Fred Phelps is dead: Does he deserve our forgiveness?

As most of the nation’s news outlets have reported, Fred Phelps (the founder of Westboro Baptist Church) died of natural causes today. He was responsible for organizing a small group of vocal church members to picket funerals of soldiers, victims of violent crime, and any other individual who made headlines with signs that read “God hates fags.”

The reaction of most of the public today is predictable. It doesn’t seem many people are going to miss his contribution to the world. Social media sites are ablaze with comments that meet or exceed the hateful messages that his followers have propogated for so many years. Then there are LGBT advocates such as Judy Shepard (mother of slain gay son Matthew Shepard) who have released statements that are more or less the equivalent of “no comment”. And yet, there are others who are wishing Fred Phelps blessings and forgiveness as he meets his Maker. What’s the right thing to do in a situation like this?

It brings up an interesting question. Is forgivess for the offender or the offended? Many times we withhold forgiveness because we believe it lets the other person off the hook or somehow justifies what they have done. We have some sort of notion that if we hold on to our grudge it will inflict pain upon the perpetrator. This sort of thinking actually doesn’t make sense. Here’s why.

When we withhold mercy and forgiveness from someone, we are holding on to the painful feelings that were born at the time of the offense. In doing so, we think that we are holding the offender responsible for their actions. But this is an illusion. Holding on to ill feelings affects one person and one person only — the offended.

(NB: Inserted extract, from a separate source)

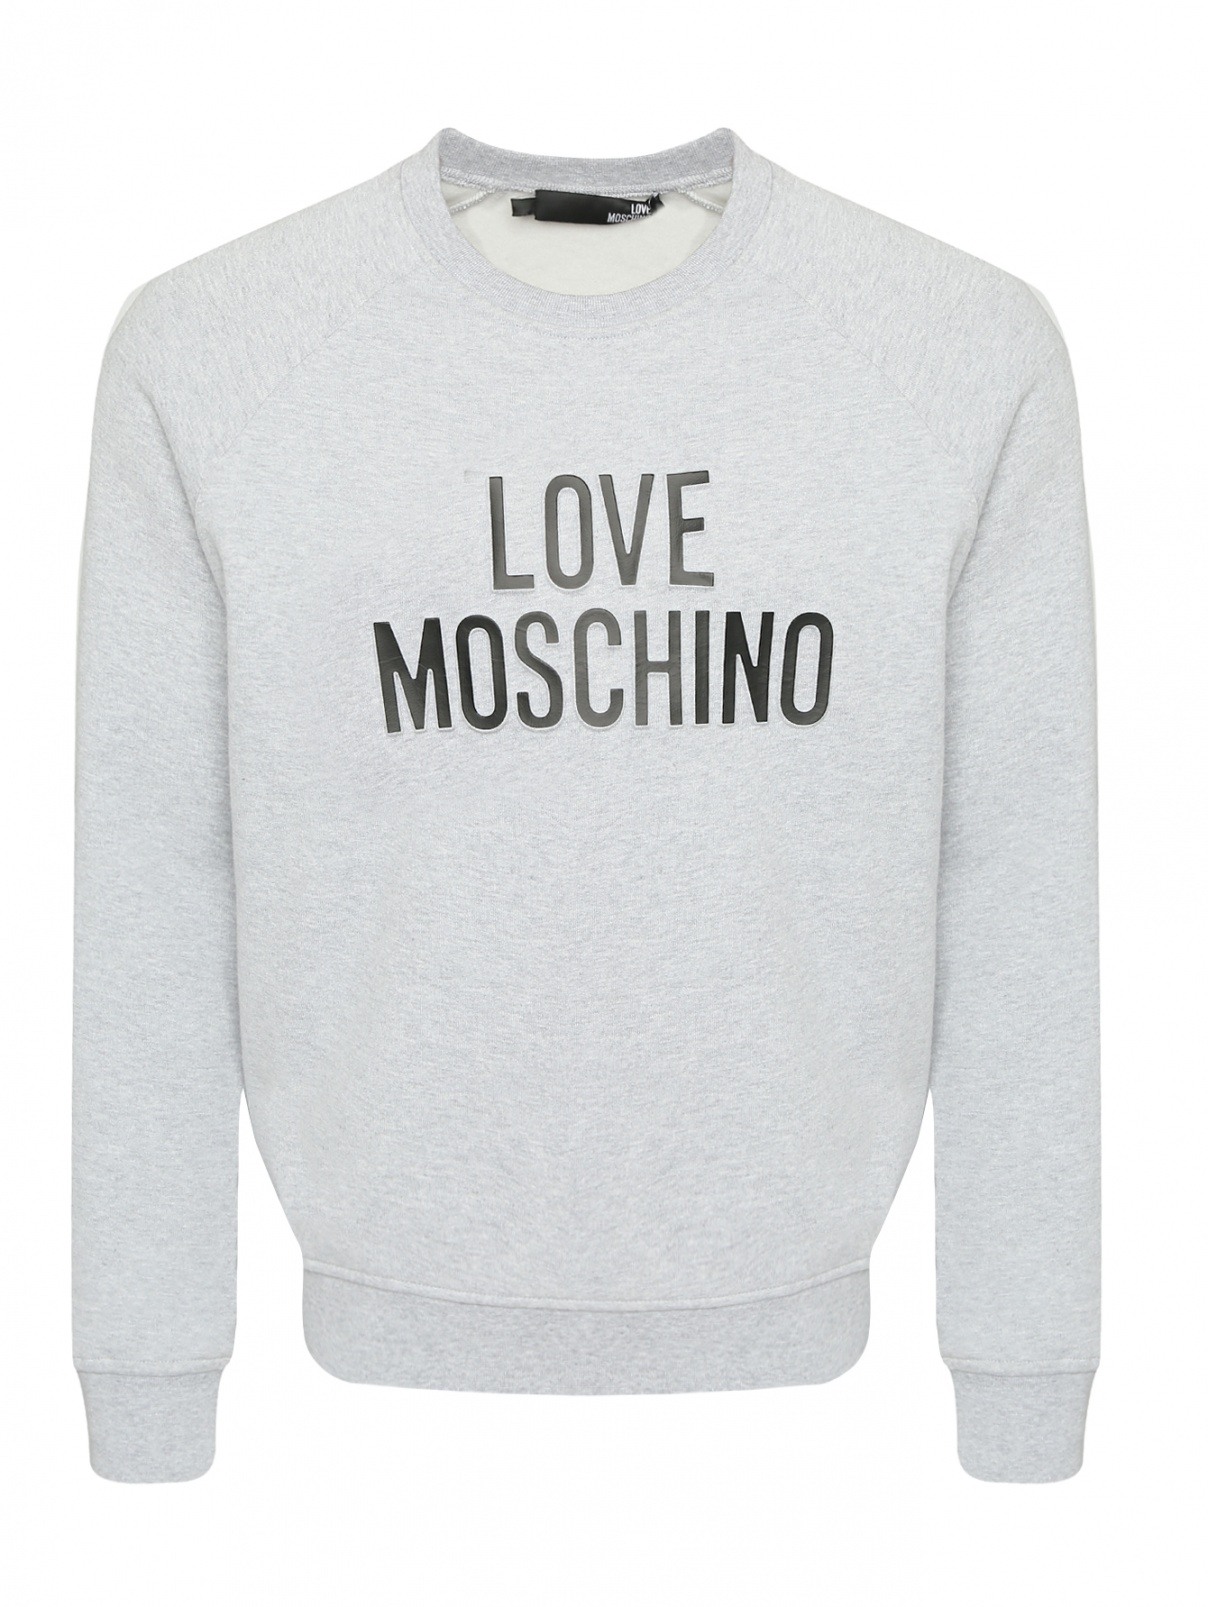 Свитшот из хлопка с принтом Love Moschino  –  Общий вид  – Цвет:  Серый

As I’ve heard many times before, “Holding a grudge is like drinking poison and waiting for the other person to die.”

Holding a grudge against a dead man (even an evil man) does nothing but make sure the hatefulness and animosity he created continues beyond his death. Ironic, no?

Forgiveness is not for the other person. It’s for you. Forgiveness doesn’t mean giving permission, endorsing behavior, or saying that what someone did was okay. It simply means letting go of the emotional pain that was inflicted and no longer choosing to harbor the bitterness because it is negatively impacting you. Forgiveness is not a gift you give someone else, although if the other person receives benefit from it, great! Forgiveness, though, is an entirely selfish act. Forgiveness is for you.

What do you think? Should people such as Fred Phelps be forgiven? E-mail your comments to jeremy@jeremydavidsavage.com or comment below. I’m interested in what you think.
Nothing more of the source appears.